The new hydrogen bonded molecular complex 1,2,4–triazolium hydrogenselenate (THS) is prepared by the reaction of 1H–1,2,4–triazole and selenic acid. This complex is stabilised by N–H⋯O and C–H⋯O hydrogen bonding and electrostatic attractive forces between 1H and 1,2,4–triazolium cations and hydrogen selenate anions. The XRD studies revealed that intermolecular proton transfer occur from selenic acid to 1H–1,2,4–triazole molecule, results in the formation of 1,2,4–triazolium hydrogenselenate which contains 1,2,4–triazolium cations and hydrogenselenate anions. The molecular structure of THS crystal has also been optimised by using Density Functional Theory (DFT) using B3LYP/cc–pVTZ and B3LYP/6–311++G** methods in order to find the whole characteristics of the molecular complex.

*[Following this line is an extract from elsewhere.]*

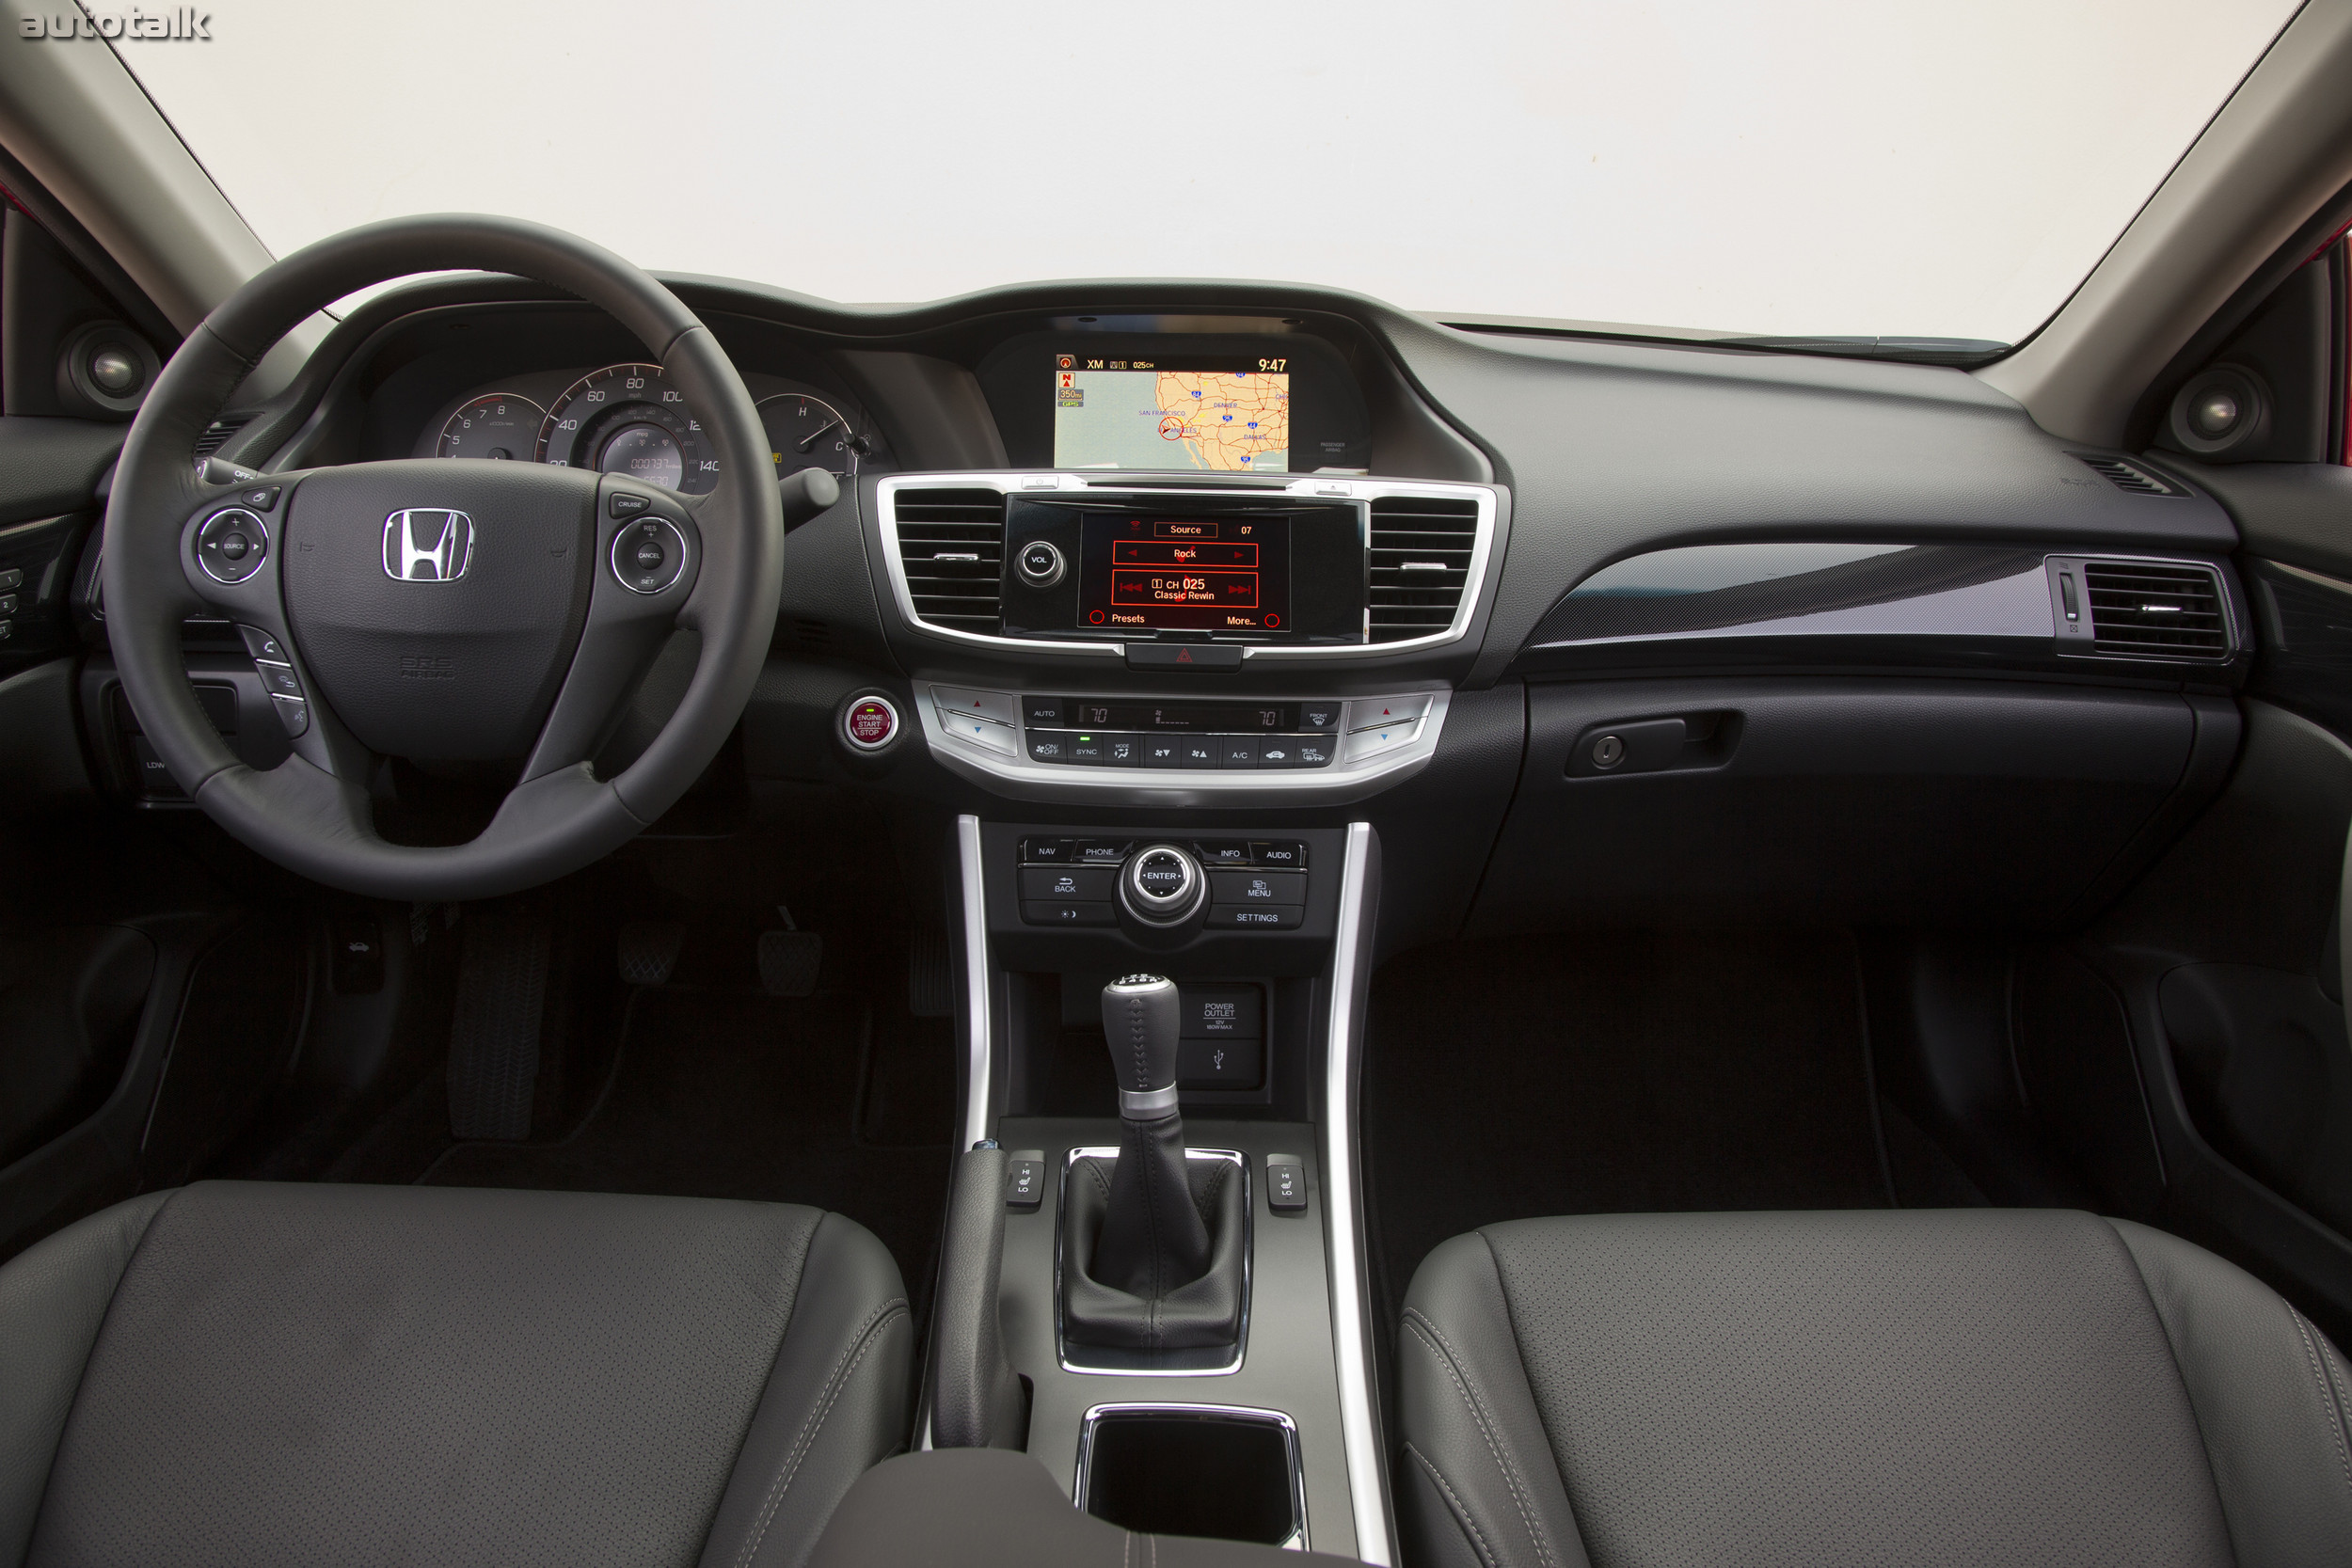 2014 Honda Accord Coupe

The theoretical structural parameters such as bond length, bond angle and dihedral angle determined by DFT methods are well agreed with the XRD parameters. The atomic charges and thermodynamic properties are also calculated and analysed. The energies of frontier molecular orbitals HOMO, LUMO, HOMO–1, LUMO+1 and LUMO–HUMO energy gap are calculated to understand the kinetic stability and chemical reactivity of the molecular complex. The natural bond orbital analysis (NBO) has been performed in order to study the intramolecular bonding interactions and delocalisation of electrons. These intra molecular charge transfer may induce biological activities such as antimicrobials, antiinflammatory, antifungal etc. The complete vibrational assignments of THS have been performed by using FT–IR and FT–Raman spectra.